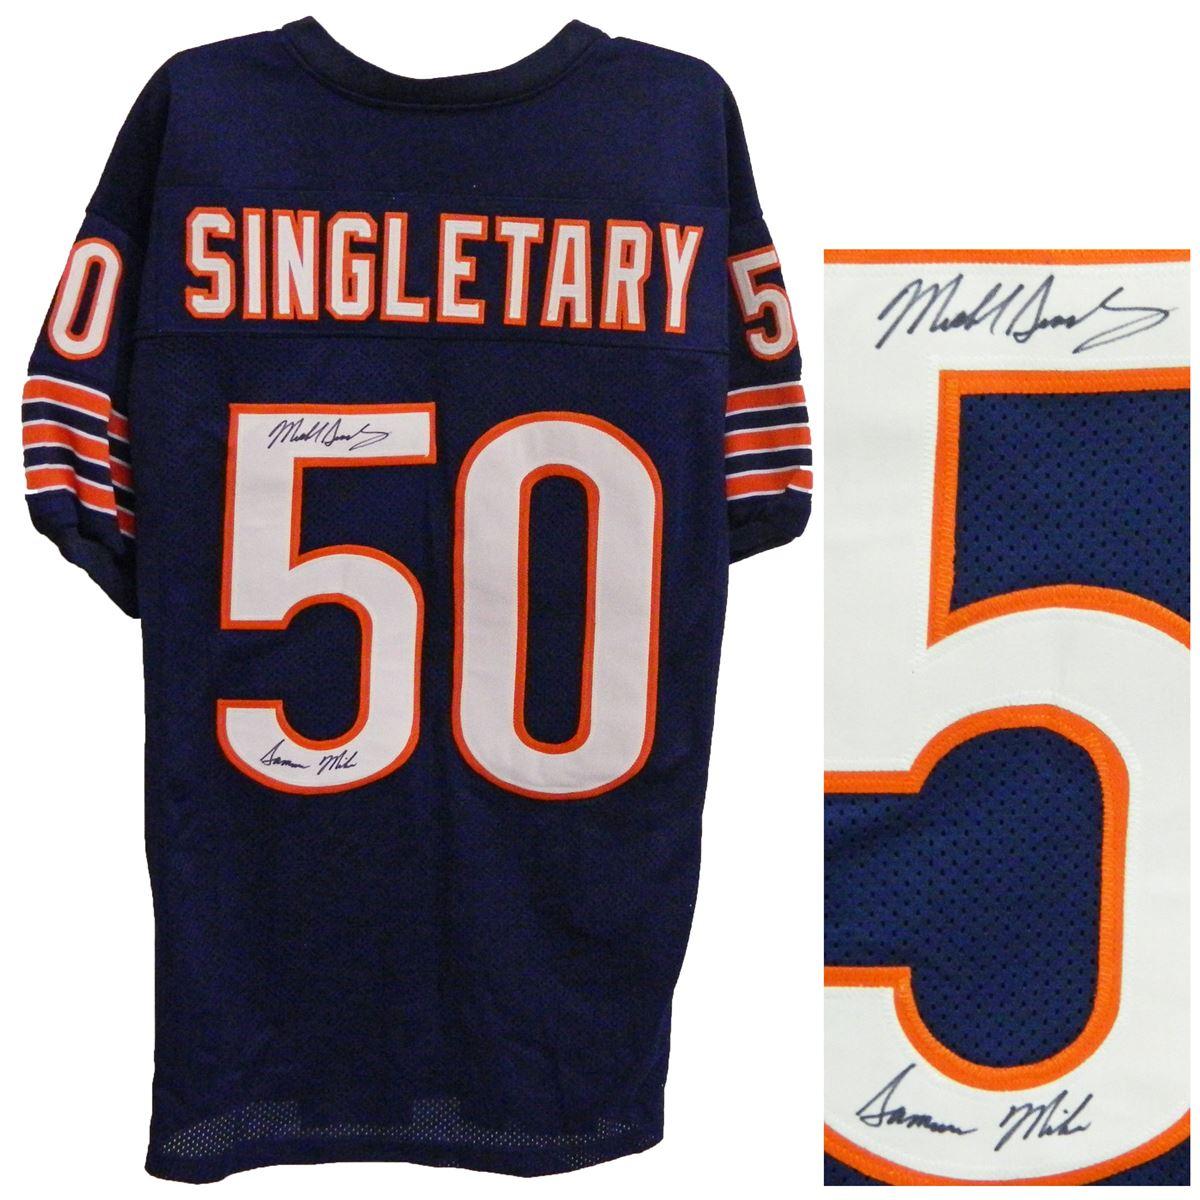 premium selection 54601 38bbc Mike Singletary Signed Navy Custom Throwback Jersey W/Samurai Mike
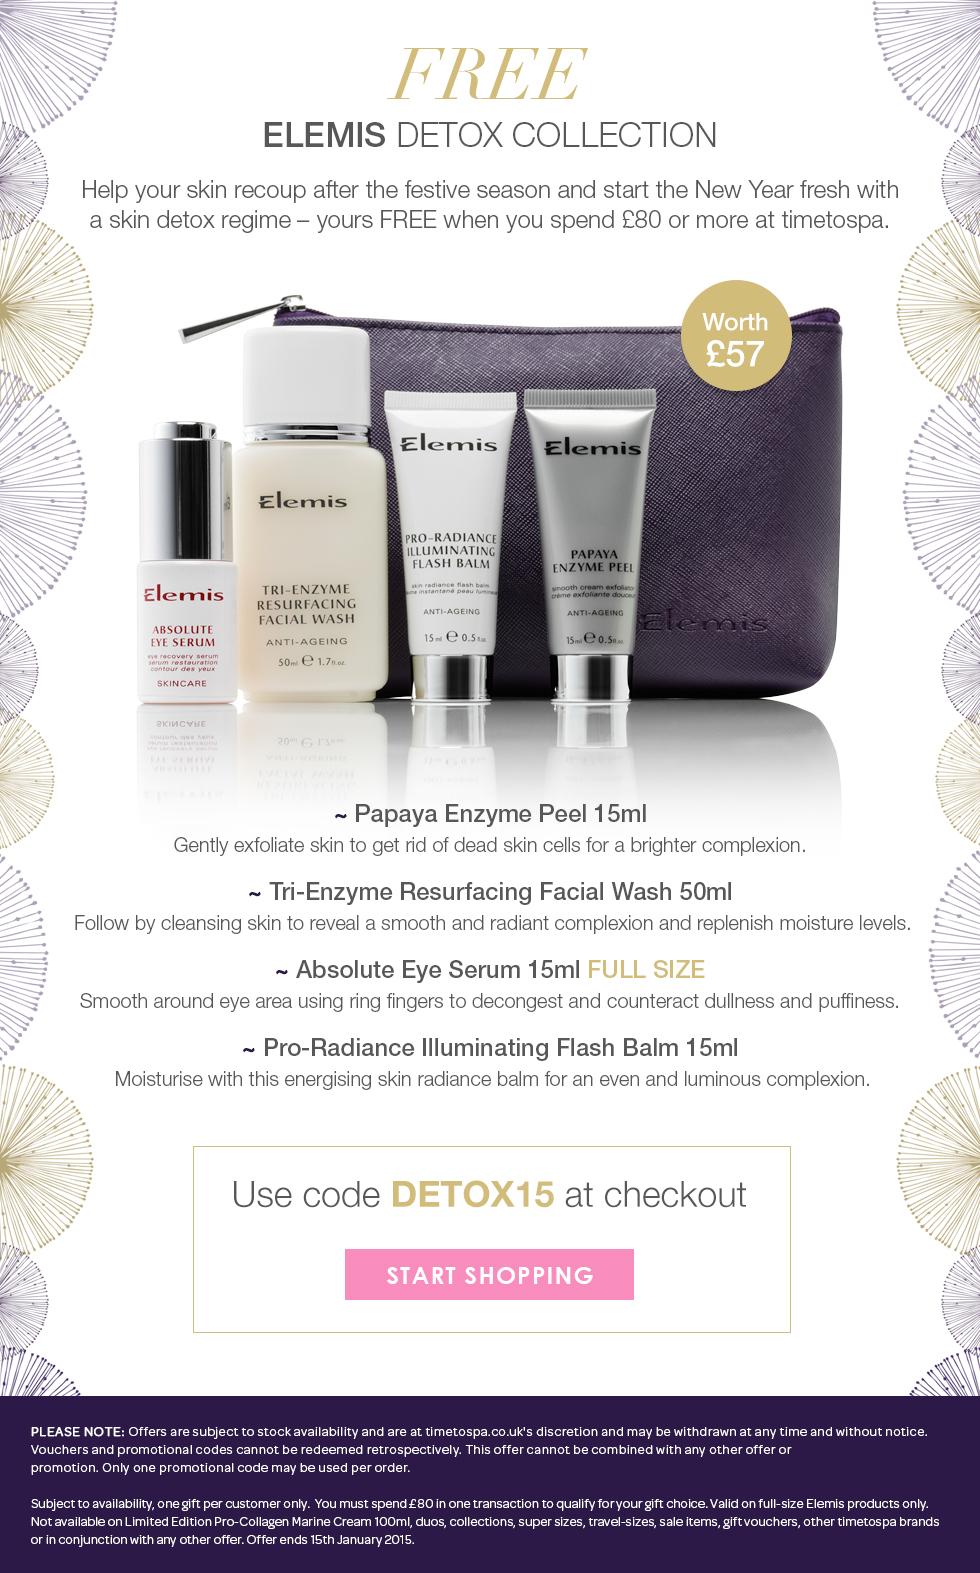 Free ELEMIS Skin Detox Collection - Worth £57
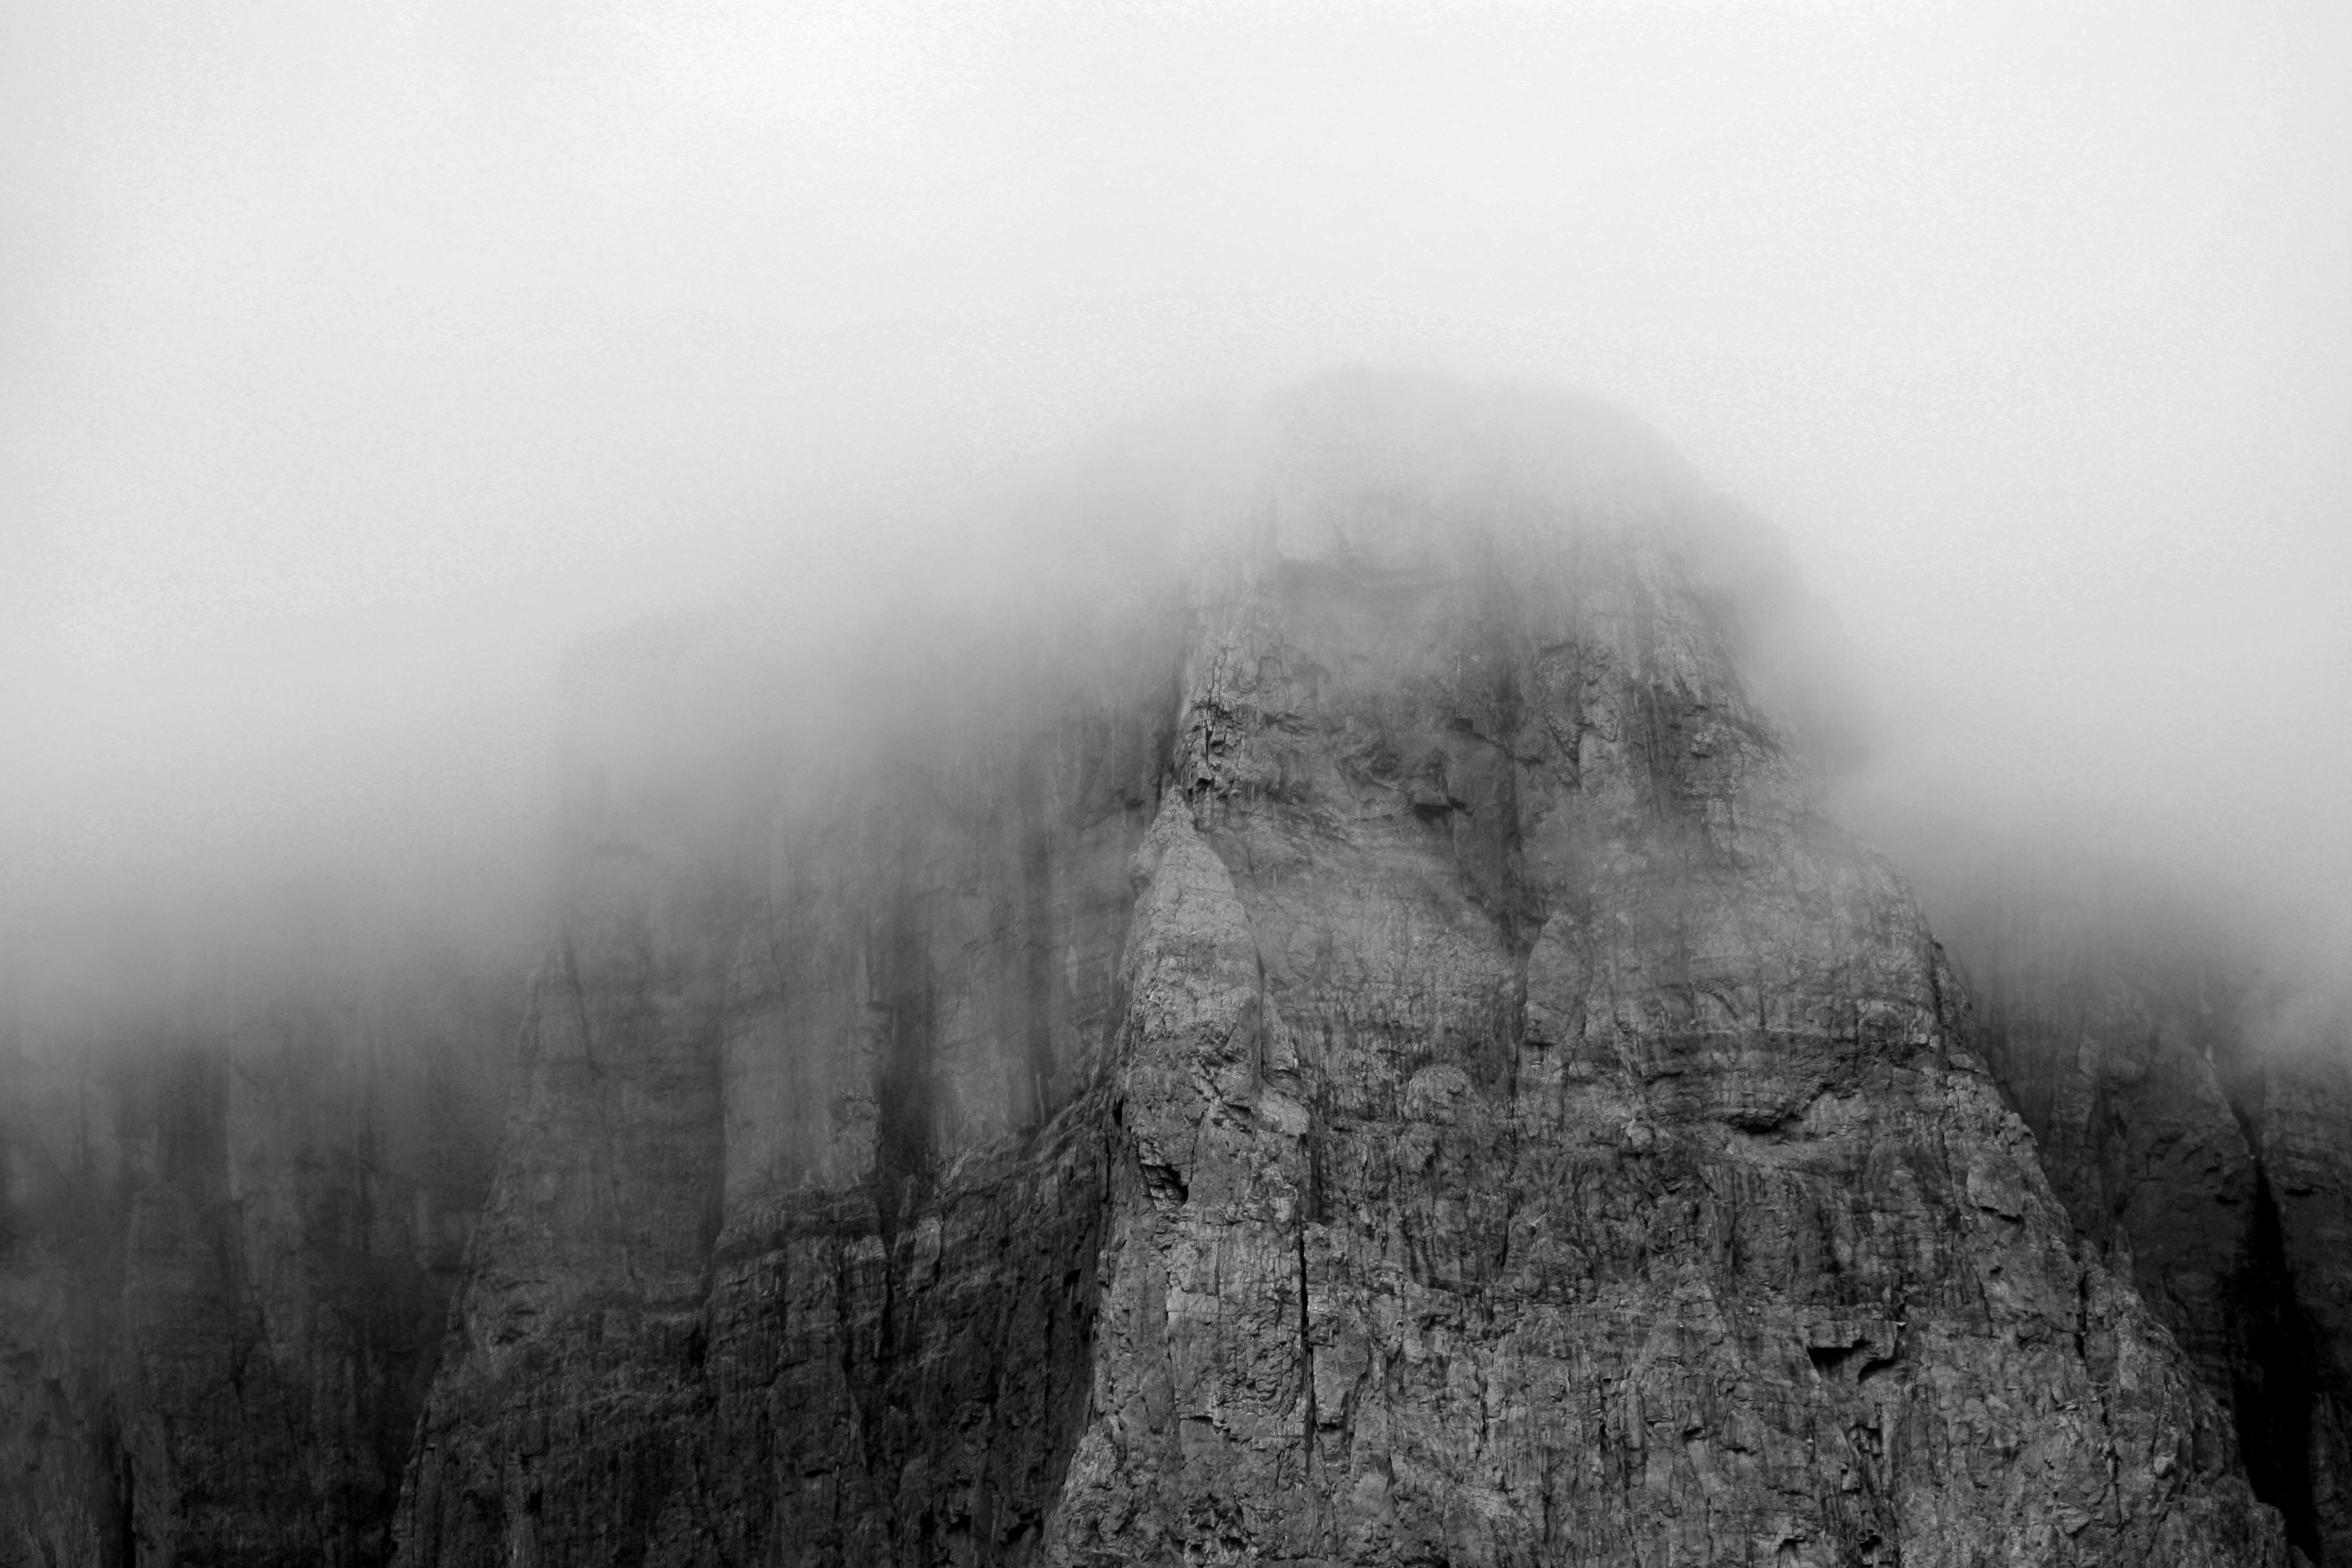 Gray rocky facade of Castle Mountain disappears into the fog

_ _ _ _ _ _ _

Copy out exactly the lines from the one with "Free ELEMIS Skin" through the end of the listing, both ends included, omitting any picture.

## Task solution
 Free ELEMIS Skin Detox Collection - Worth £57
 Gray rocky facade of Castle Mountain disappears into the fog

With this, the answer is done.